Clearly $(100,100,100)$ is a solution, so now assume there exists at least two of $a,b,c$ that doesn't equal $100$ . WLOG $c \neq 100$ . Note that $a + b = 300-c$ .

We have $a^2 b + a^2 c + b^2 a + b^2 c + c^2a + c^2 b = ab(a+b) + c^2(a+b) + c(a^2 + b^2)$ , which equals $ab(300 - c) + c^2 (300- c) + c((300-c)^2 - 2ab)$ This can be further simplified to $ab(300 - 3c) + c^2 (300 - c) + c (300 - c)^2 = ab(300 - 3c) + 300 c(300 - c)$ . Dividing by $3$ , we get $ab(100 - c) + 100 c(300 - c) = 2,000,000$ This implies $ab = \frac{2,000,000 - 100 c(300-c) }{100 - c} = \frac{100c^2 - 300 \cdot 100 c - 100\cdot (200 \cdot 100)}{c -100}$ . However, we see that $(c-100) (100c - 200 \cdot 100) = 100c^2 - 300 \cdot 100 c - 100 \cdot (200 \cdot 100)$ , so since $c\ne 100$ , $ab$ must equal $100c - 20,000$ . Now we find $a$ and $b$ (using the fact that $a + b = 300 - c$ ).
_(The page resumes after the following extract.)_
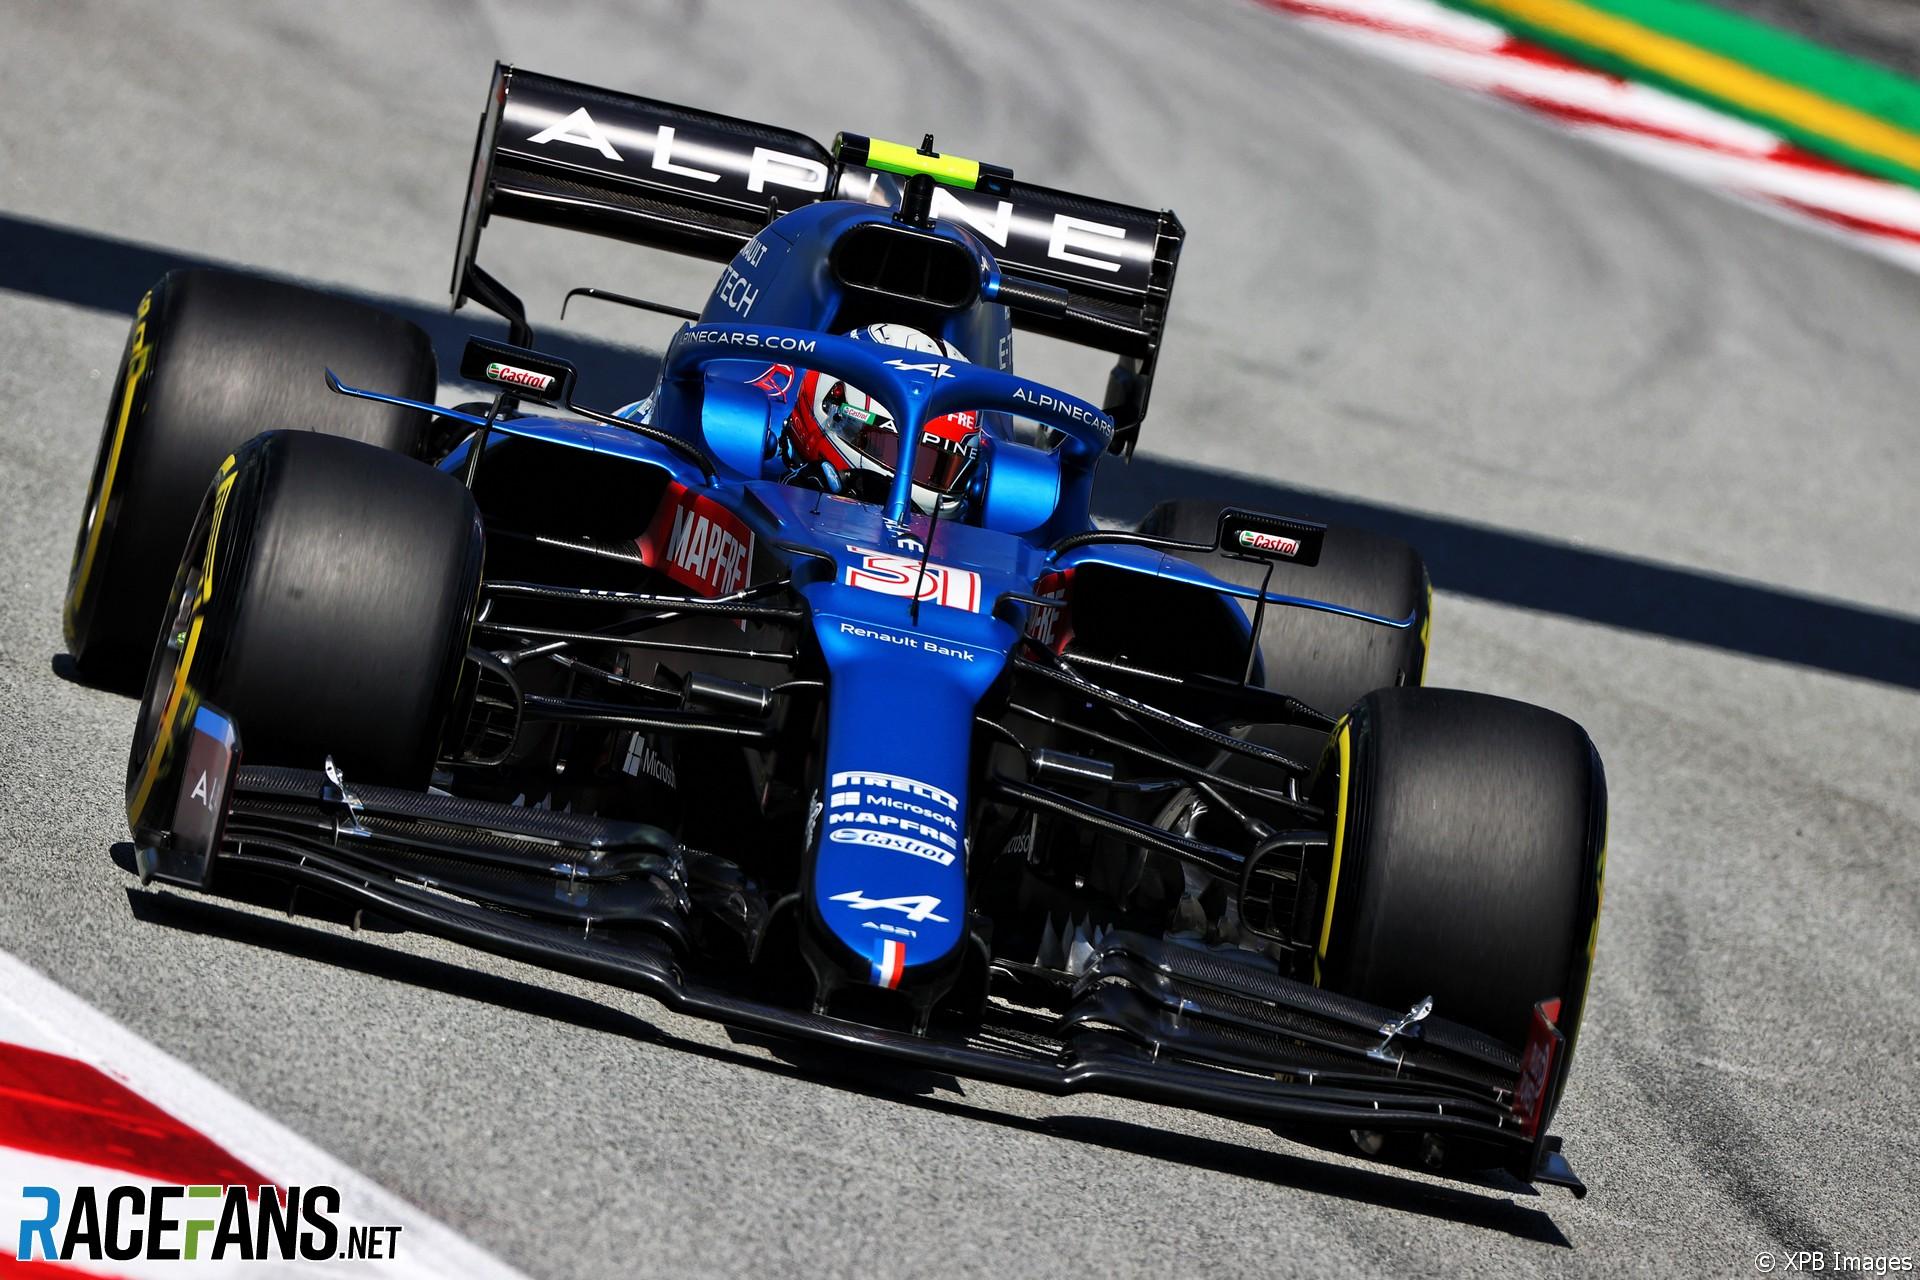 Esteban Ocon, Alpine, Circuit de Catalunya, 2021

We have that $a,b$ are the roots of the quadratic $X^2 - (300 - c) X + (100c - 20,000) = 0$ By inspection, $X = 100$ is a root of this equation, and the other root is $200 - c$ . Therefore one of the variables $a,b$ is $100$ . This means $(a,b,c)$ must be a permutation of $(100,x,200-x)$ for some $x$ .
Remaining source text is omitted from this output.